* WHAT IS NEEDED *
Reproduce exactly the line with "30.06-03.07 Alaska" and every line that follows it below, up to and including the last one. Do not include pictures or anything else.

----- RAW DATA -----

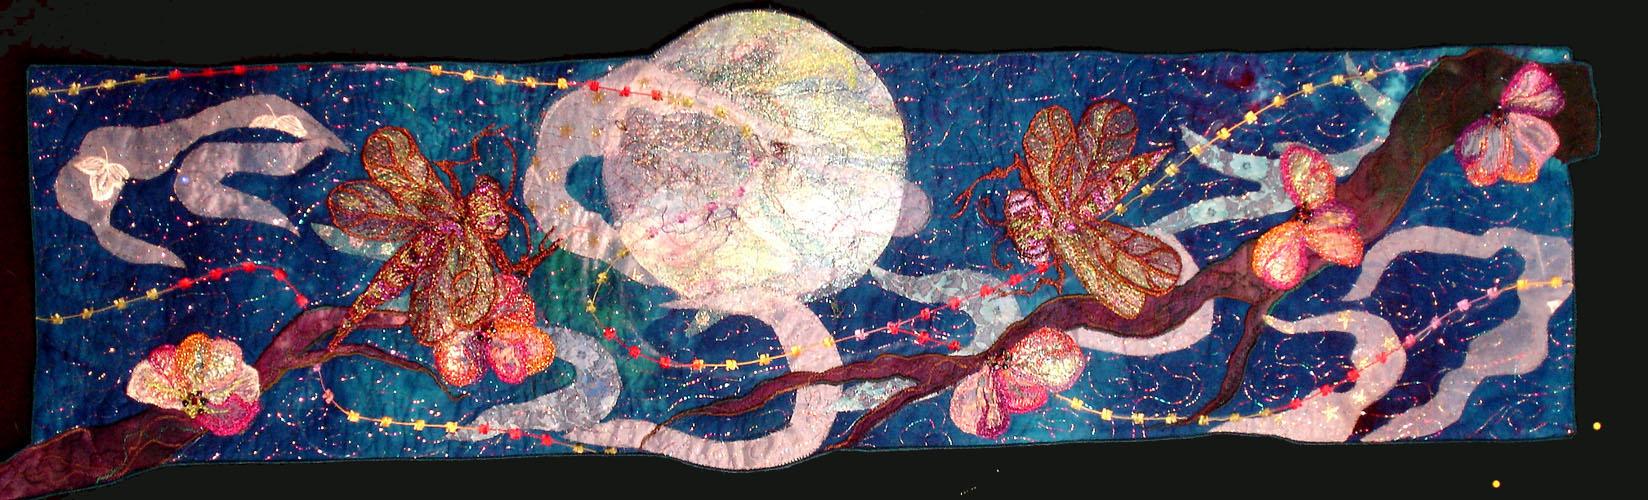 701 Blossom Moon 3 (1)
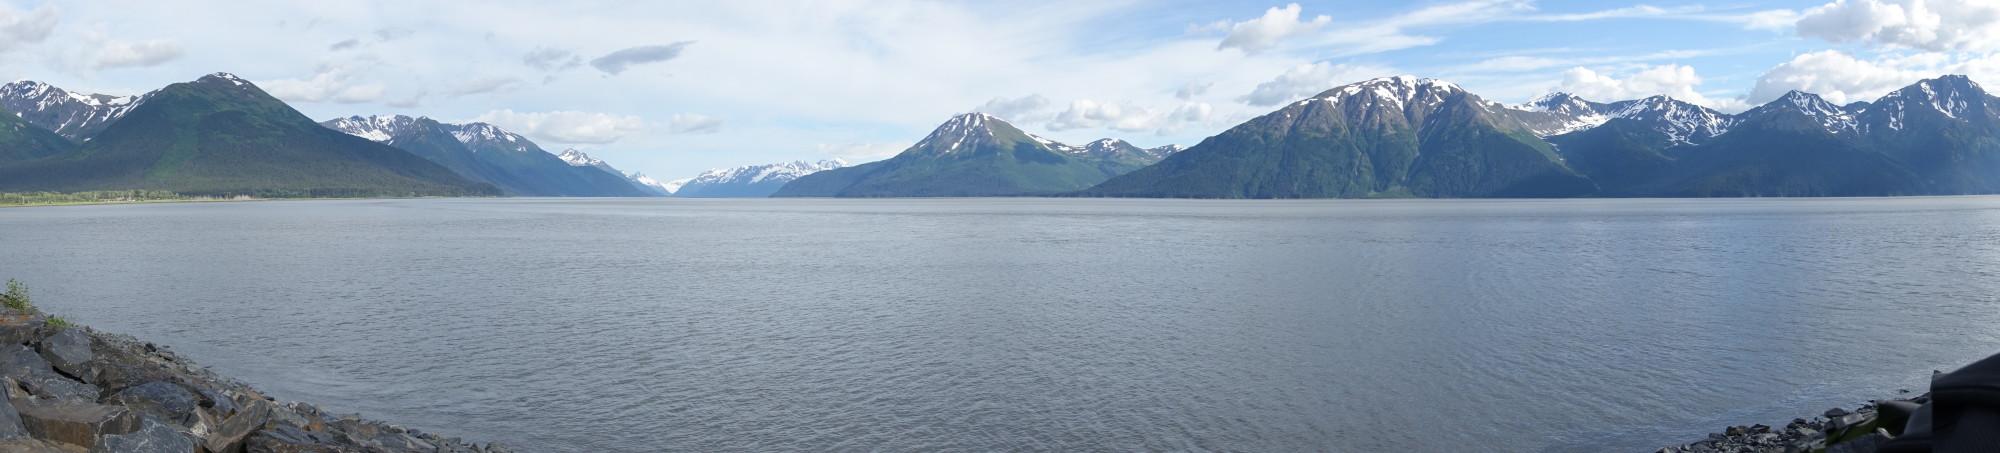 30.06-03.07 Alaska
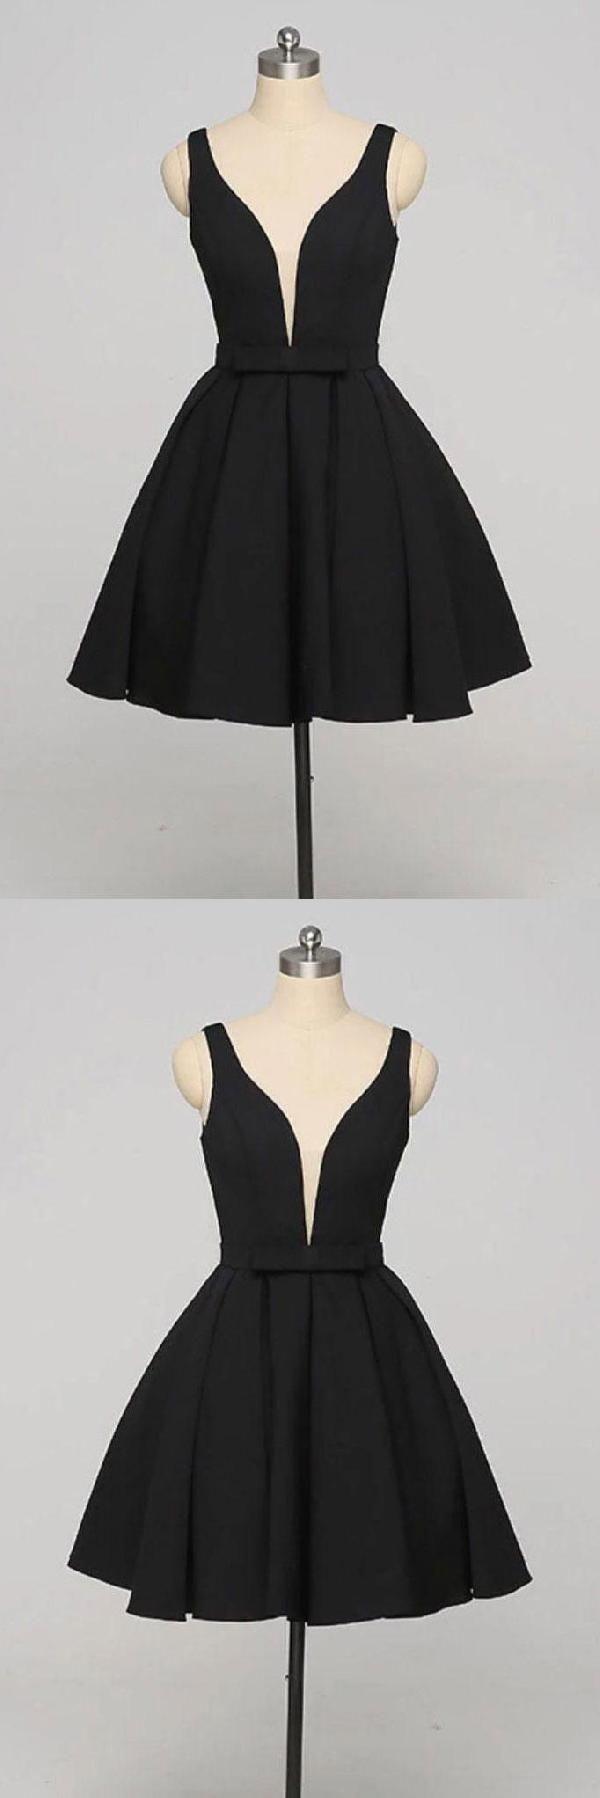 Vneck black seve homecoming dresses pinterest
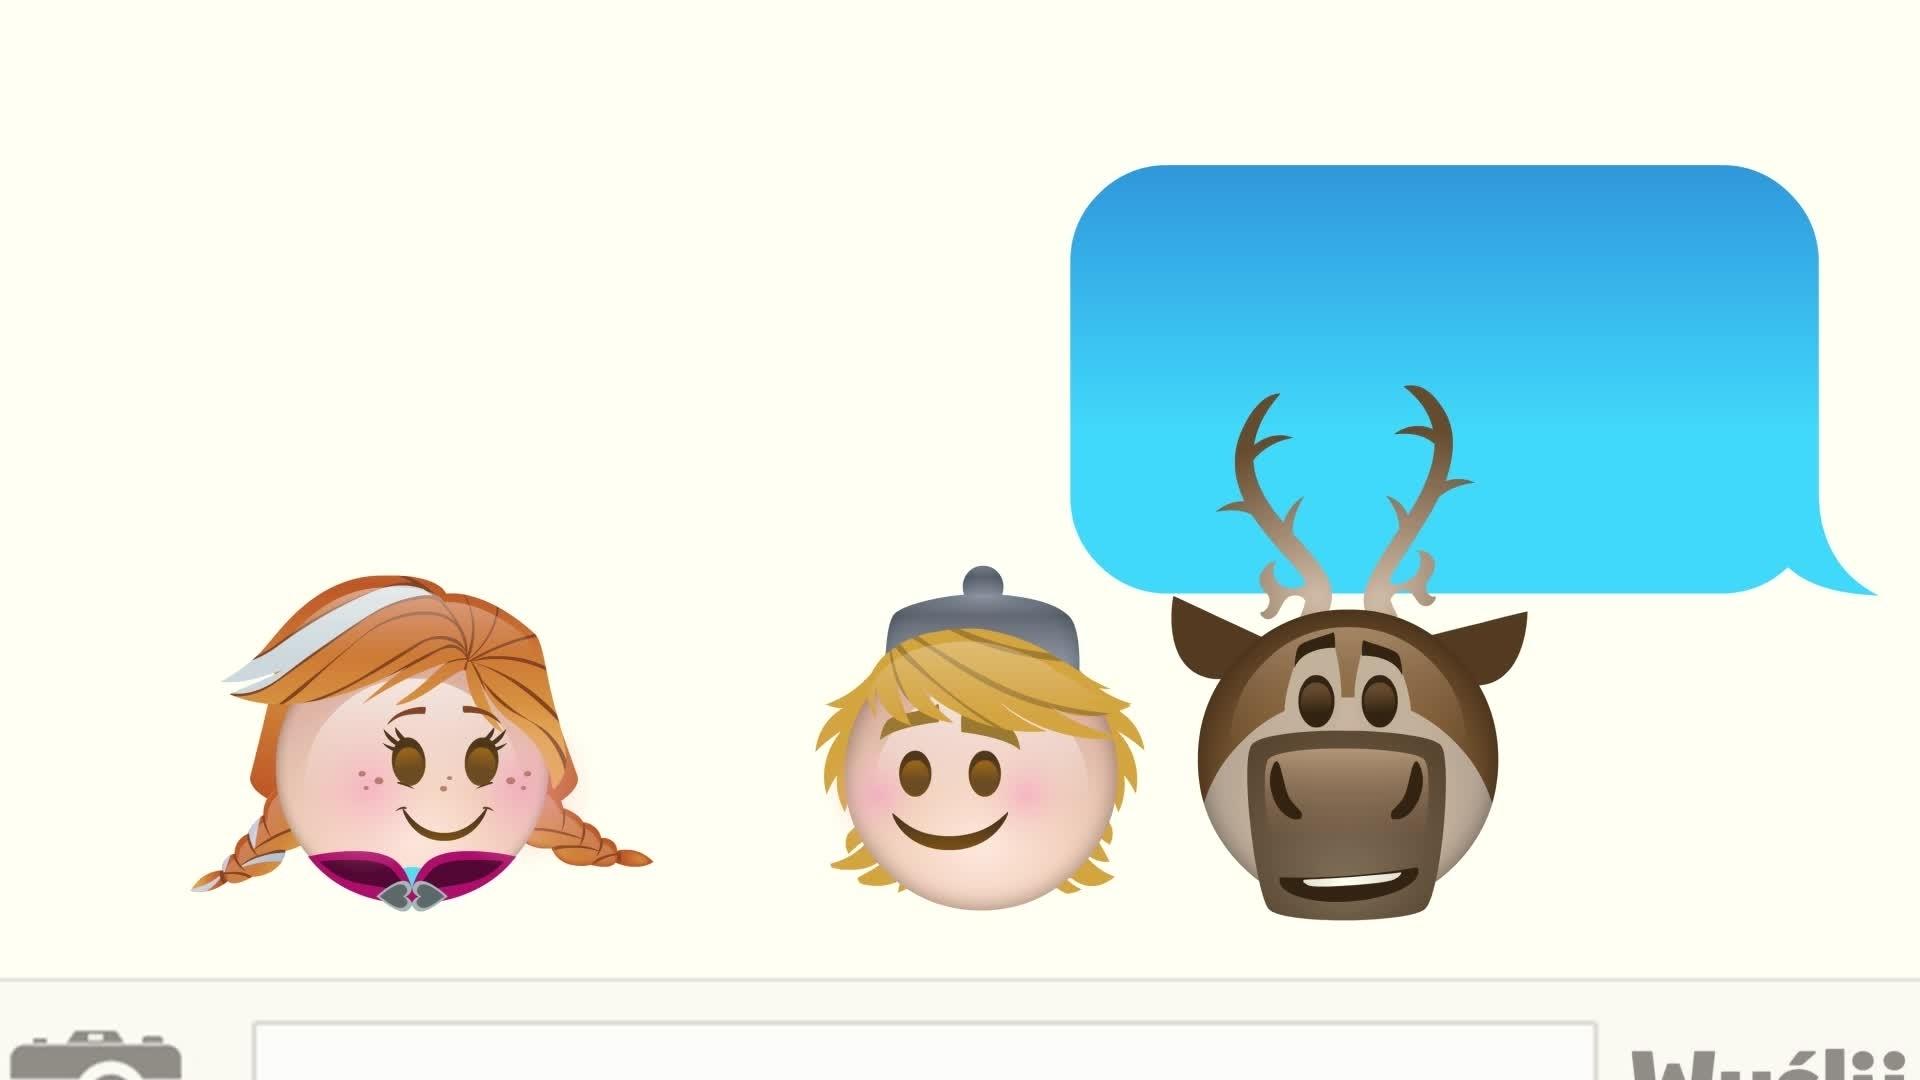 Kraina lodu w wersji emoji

-----

* SOLUTION FOR THIS EXERCISE *
 30.06-03.07 Alaska
 Vneck black seve homecoming dresses pinterest
 Kraina lodu w wersji emoji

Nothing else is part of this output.